The policy direction was announced during the Presidential Dialogue with the Private Sector, on Monday, February 23, 2026, at the Jubilee House, with a parallel high-level engagement also taking place at the Kempinski Hotel Gold Coast City Accra.

The meetings brought together business leaders, investors, policymakers and government officials to assess Ghana’s economic recovery and chart a new development path.

While acknowledging recent signs of macroeconomic stabilisation, President Mahama warned that fiscal calm and currency stability should not be mistaken for genuine economic transformation.

According to him, the current indicators—improved investor confidence, renewed private capital inflows, strengthened business sentiment, and relative currency stability—represent recovery, not restructuring.

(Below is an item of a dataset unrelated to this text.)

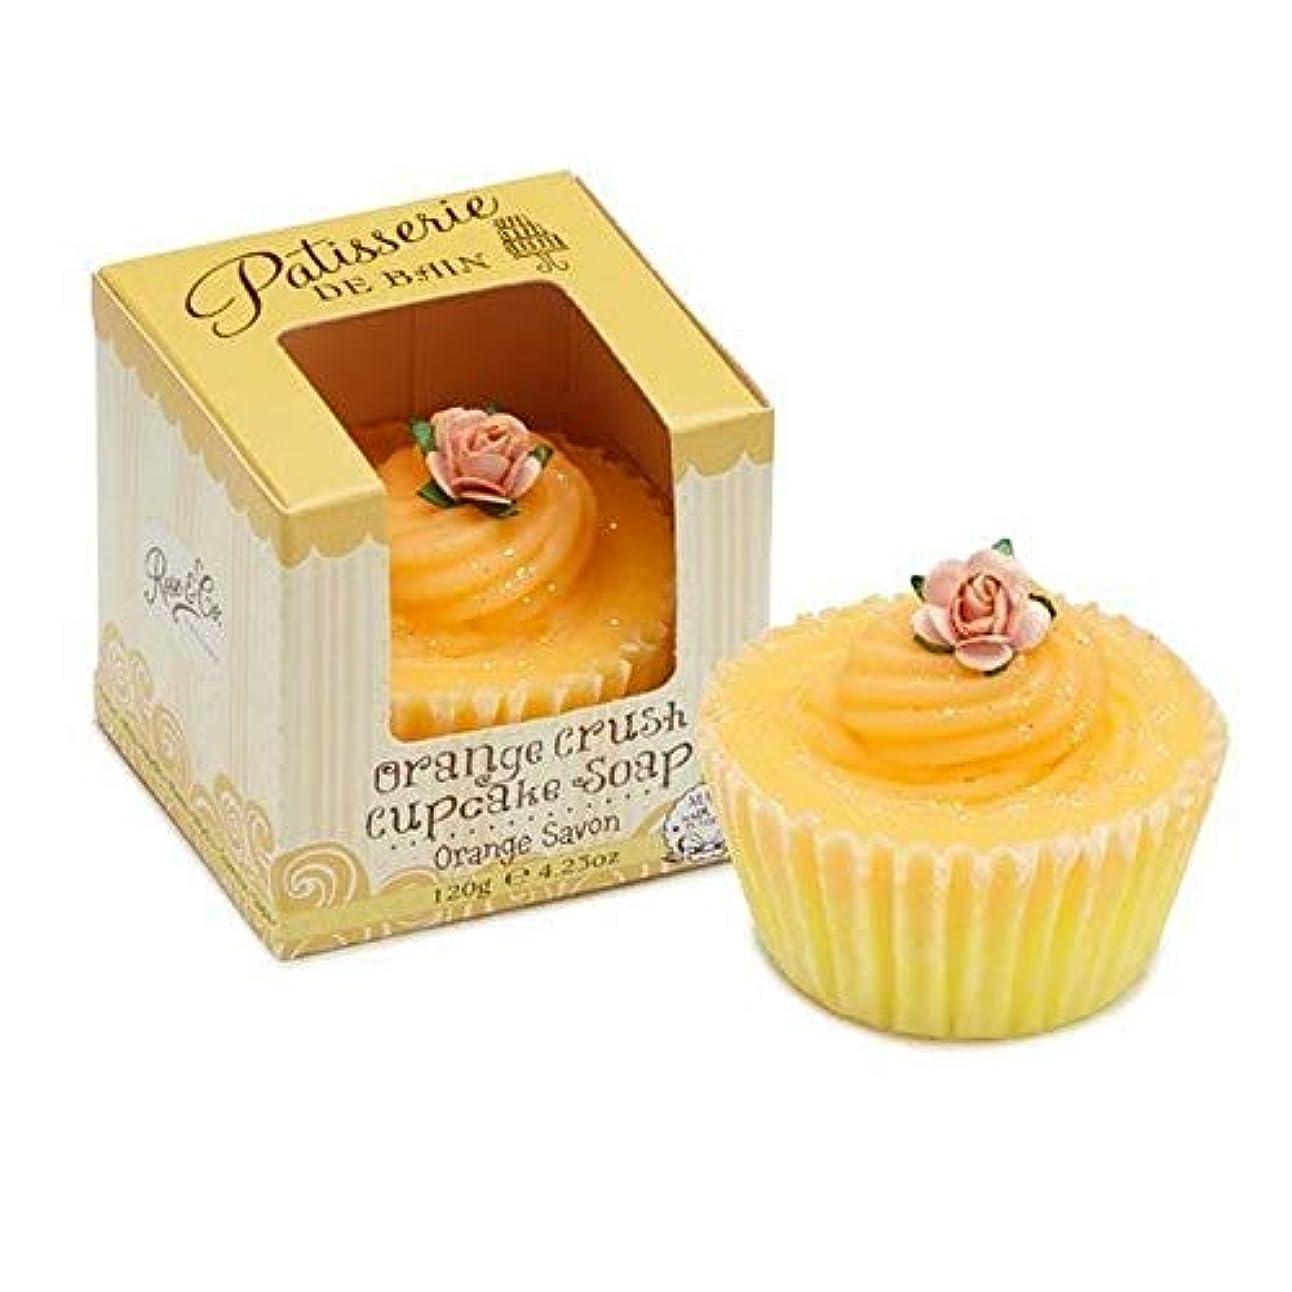 無駄非公式真似る[Patisserie de Bain ] パティスリー?ド?ベインオレンジクラッシュカップケーキソープ120グラム - Patisserie de Bain Orange Crush Cupcake soap 120g...
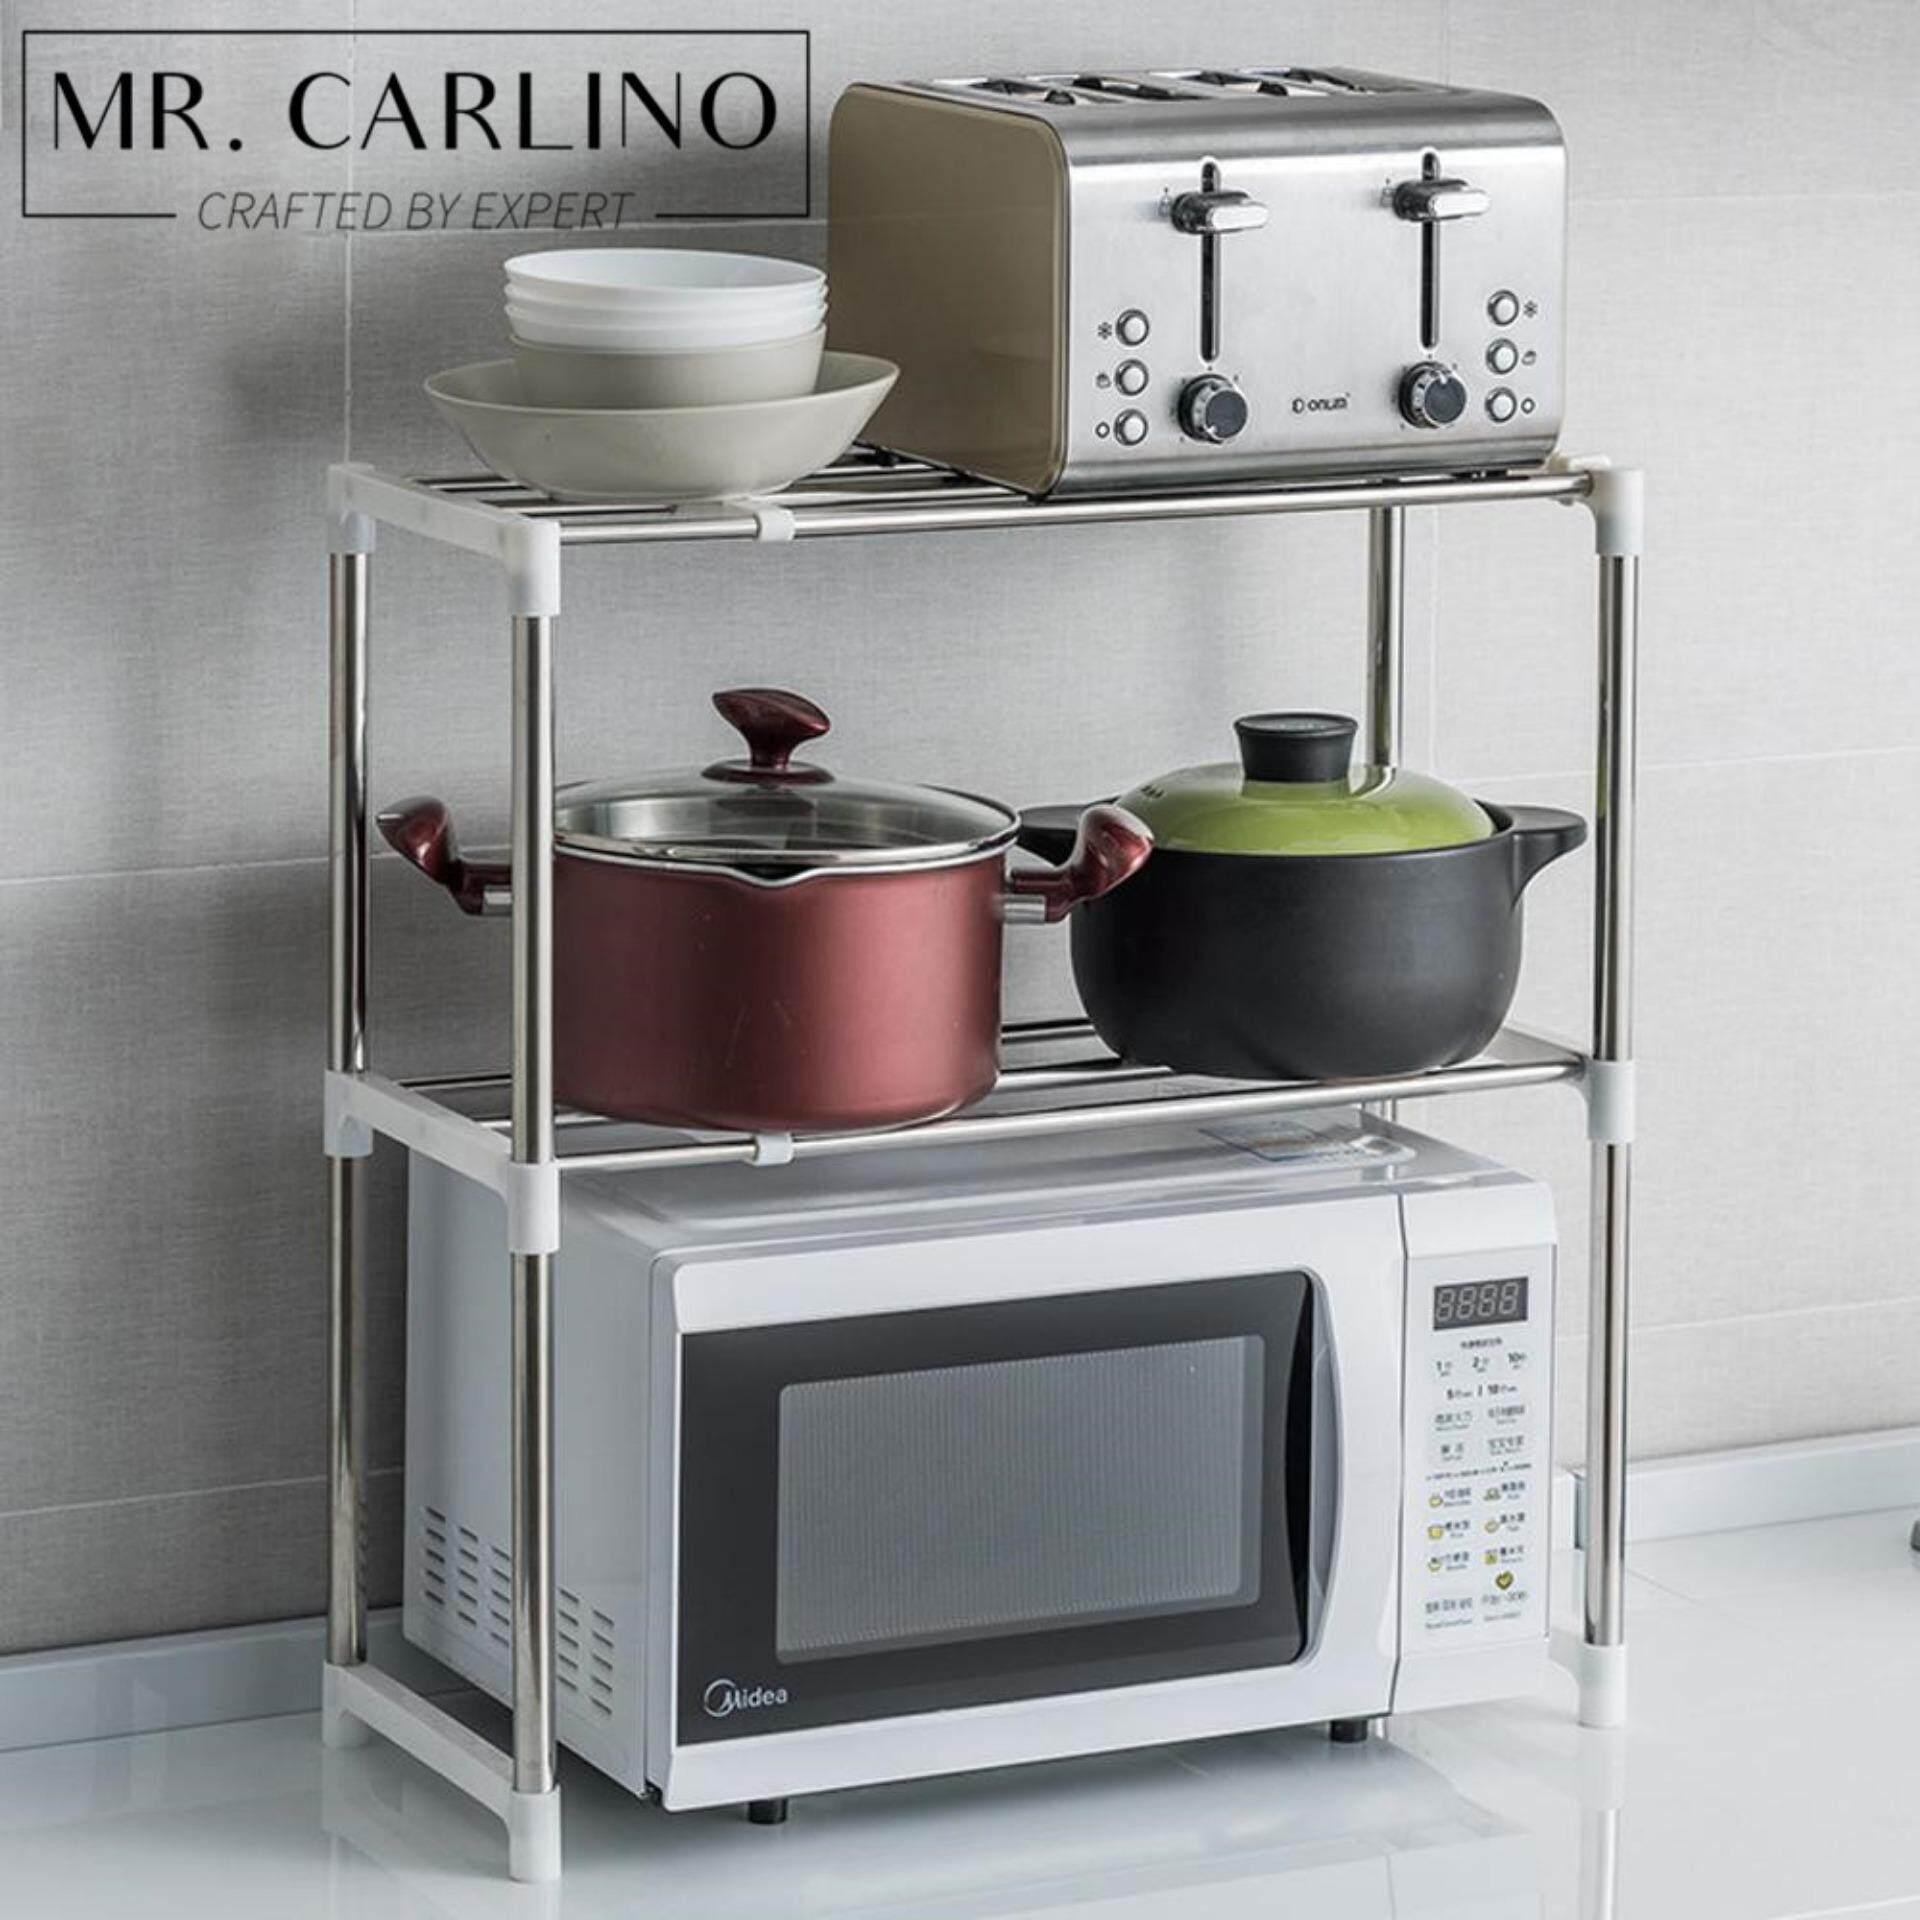 My Home Design: 2 Tiers Kitchen Rack Organizer ชั้นวางของ ชั้นวางเครื่องครัว คุณภาพดี.

He attributed the recent improvements to policy actions such as fiscal consolidation, VAT rationalisation, and the removal of distortionary levies that had weakened confidence in the economy.

However, he stressed that these measures, though necessary, are insufficient to deliver sustainable growth without deep structural reforms.

“For more than five decades, Ghana’s manufacturing sector has remained around 10 percent of GDP,” the President noted, describing the figure as too weak to drive industrialisation, mass employment, or export competitiveness.

He contrasted the performance with emerging Asian economies that started from similar economic conditions but achieved manufacturing contributions of between 20 and 30 percent of GDP through deliberate industrial policy and export-oriented growth strategies.

Against this background, President Mahama announced a new national benchmark: manufacturing must contribute at least 15 percent of GDP by 2030, supported by the creation of 500,000 quality industrial jobs.

He emphasised that achieving this goal will require “structural reform, not incremental adjustments,” signalling a shift away from short-term economic fixes toward long-term industrial planning.

The industrial target forms part of a broader government strategy focused on value addition, industrial expansion, export competitiveness and sustainable job creation. Central to this vision is a stronger partnership between government and the private sector, which the President described as the true engine of growth, innovation and employment.

“No government can succeed without a strong private sector,” Mahama stated, adding that economic transformation can only happen through collaboration, trust and policy consistency.

He said the dialogue platform will be institutionalised as an annual engagement mechanism to allow continuous consultation between the state and industry on constraints to business growth and industrial development.

Historically, the economy has remained heavily dependent on raw commodity exports such as gold, cocoa and oil, with limited value addition and weak industrial processing capacity.

Previous industrialisation efforts have struggled due to policy inconsistency, infrastructure deficits, energy challenges and limited access to long-term financing for local manufacturers.